Александр ОГНЁВКрупной красной клюквы было столь много, что я стал собирать ее пригоршнями и ссыпать в большую продолговатую корзину. Неожиданно меня окликнул отец:
– Алеша! – Невысокий, коренастый, в военной форме, он подошел ко мне, положил тяжеловатую руку на мое плечо, слегка прижал меня к себе и чуть слышно прошептал: – Мне опять на войну. Ты один мужик будешь дома. Помогай маме и сестрам. Зажмет жизнь клещами – не скули. Пробивай се6е дорогу в жизни.
И сразу, осторожно ступая солдатскими ботинками по мягкому мху, выбрался на торную дорогу, ведущую на станцию, и моментально исчез, растворившись в воздухе.
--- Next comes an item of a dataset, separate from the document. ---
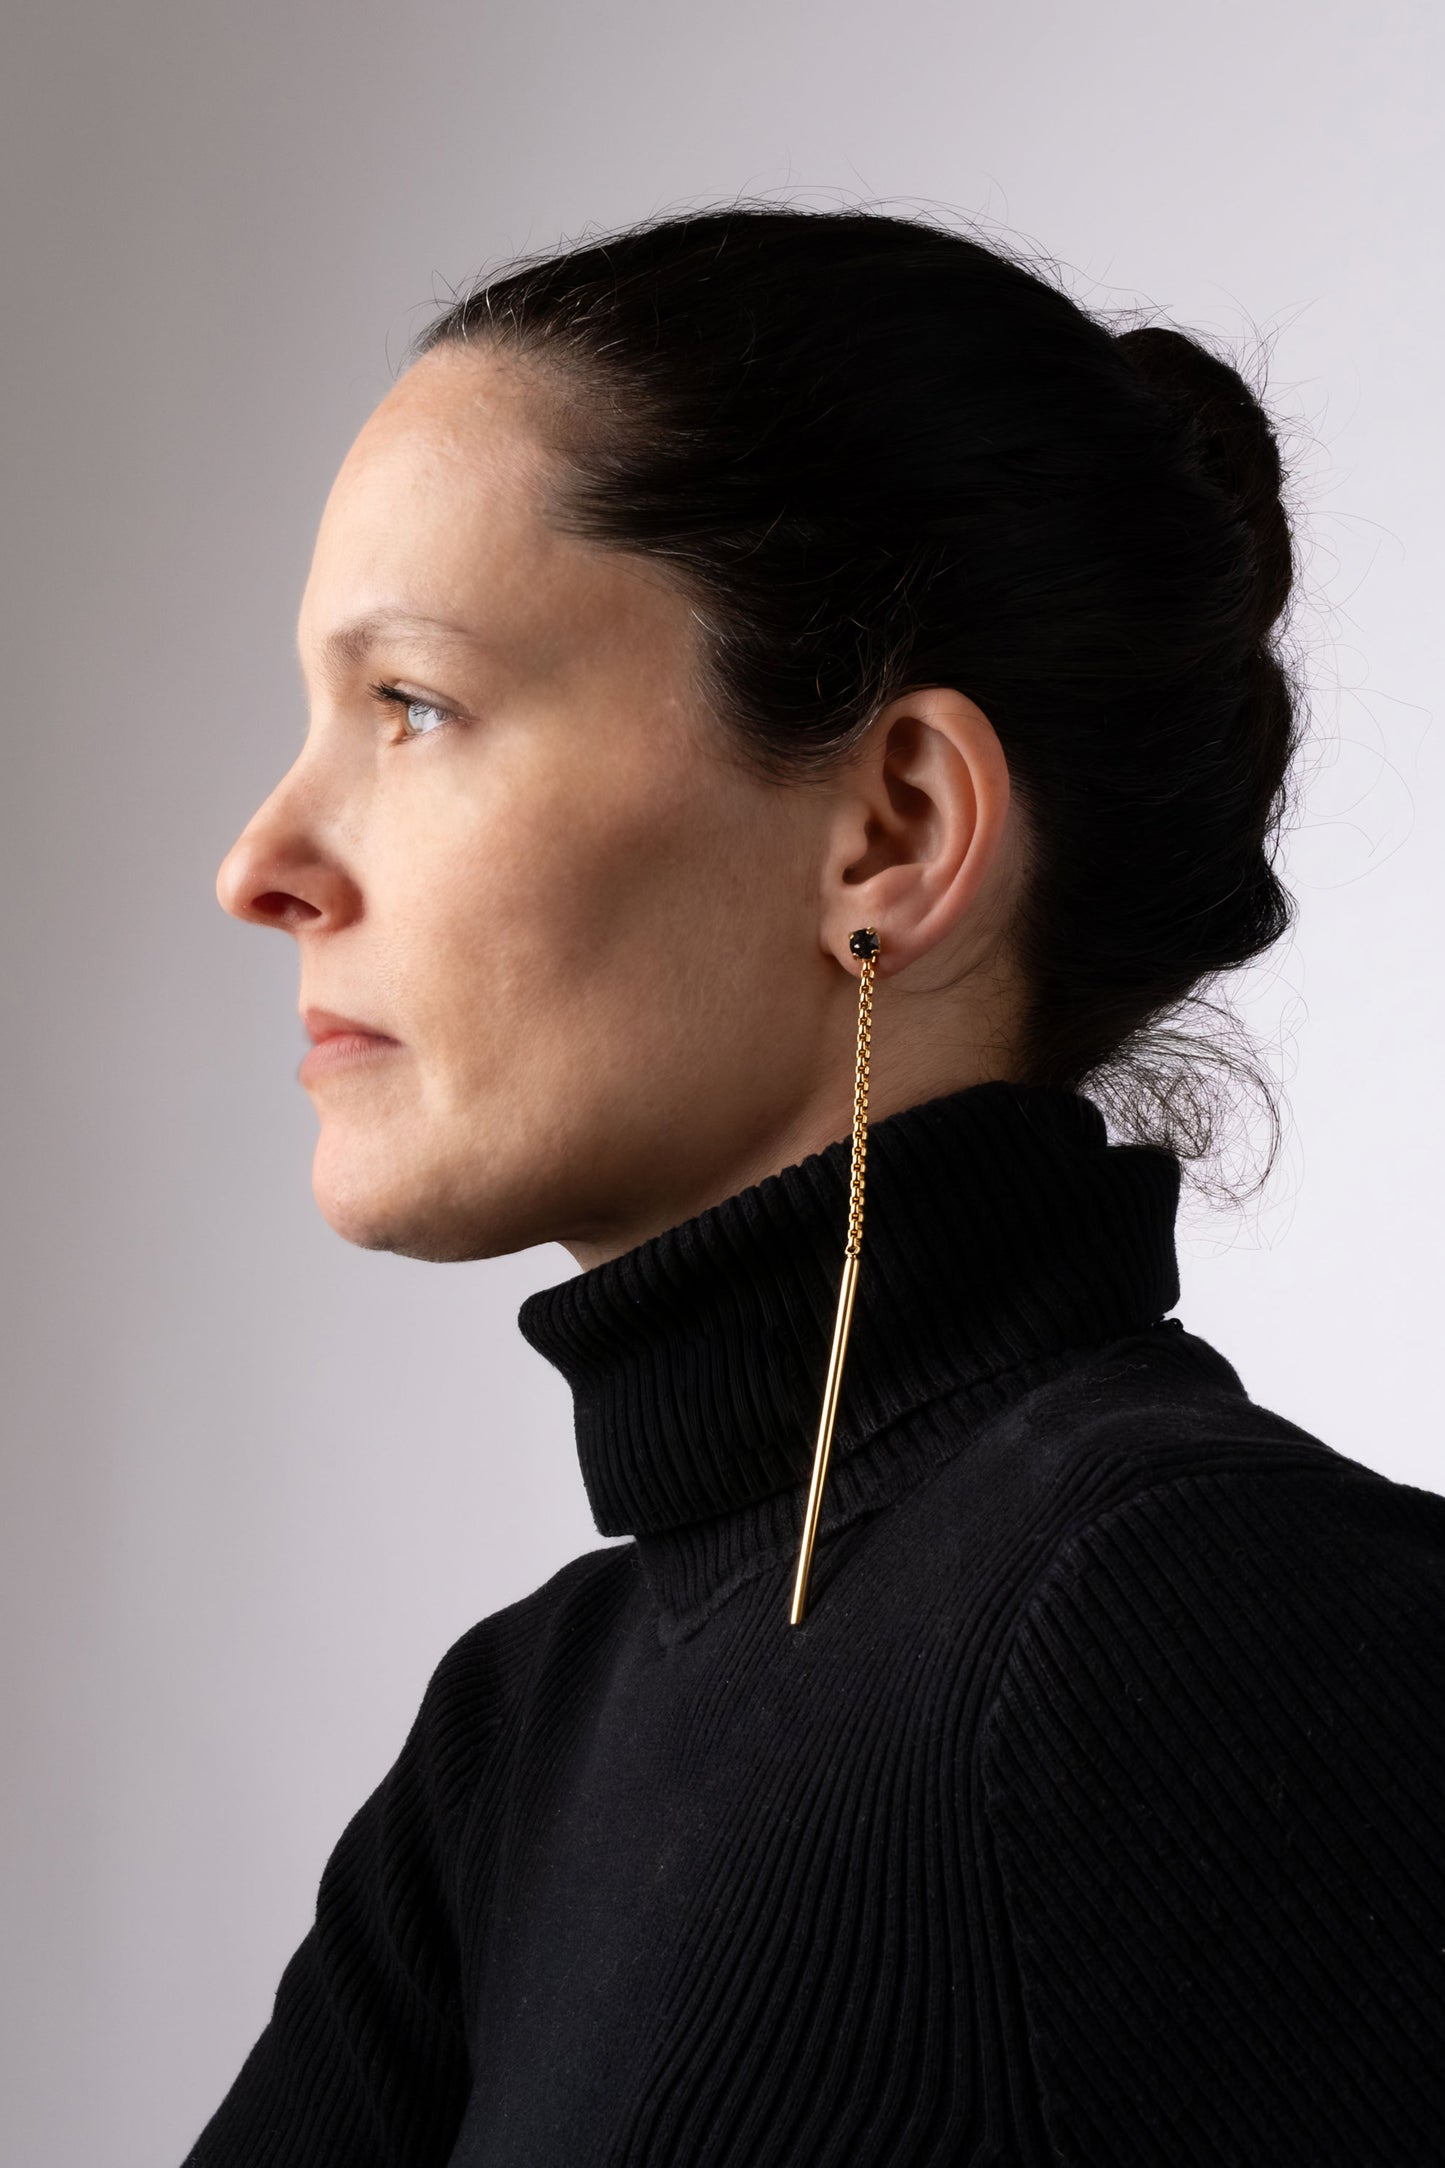 a woman wearing a black turtle neck sweater and gold earrings

Он же ничего не сказал, как мне быть: учиться в педучилище или работать в колхозе. Нагоню его, спрошу. Я побежал, но мох внезапно расступился, мои ноги стали погружаться в холодную трясину. Я схватился рукой за хилую березку, хотел закричать: «Тятя, тону!» Но ни одного слова не мог выдавить из своего пересохшего горла. Вдруг сильно завыл ветер, превратившийся в страшный смерч. Он начал вырывать с корнями березки, вытащил меня из черной жижи, поднял в воздух над болотом и понес неизвестно куда.

 

Глава 9. В КАНИКУЛЫ

...Тут я проснулся. Часы на стене показывали семь утра. Я протер сонные глаза и, лежа на боку, осмотрел пустынную комнату. Осиротели двенадцать кроватей, накрытых серыми байковыми одеялами. Около высокой белой печи, плотно прижавшейся к стене, опустела вешалка. На тумбочках ни ученических портфелей, ни книг, ни тетрадей и чернильниц, ни завернутых в газетную бумагу кусков хлеба. Постой! Что за чушь? Этого еще не бывало! На длинном черном столе, на котором мы делаем письменные задания, нахально разгуливала маленькая мышка. Чем бы запустить в нее? Но юркая мышь, словно почуяв мои недобрые намерения, осторожно спустилась по ножке стола на пол, торопливо посеменила в дальний угол, и вскоре ее тоненький серый хвостик скрылся под тумбочкой Виктора.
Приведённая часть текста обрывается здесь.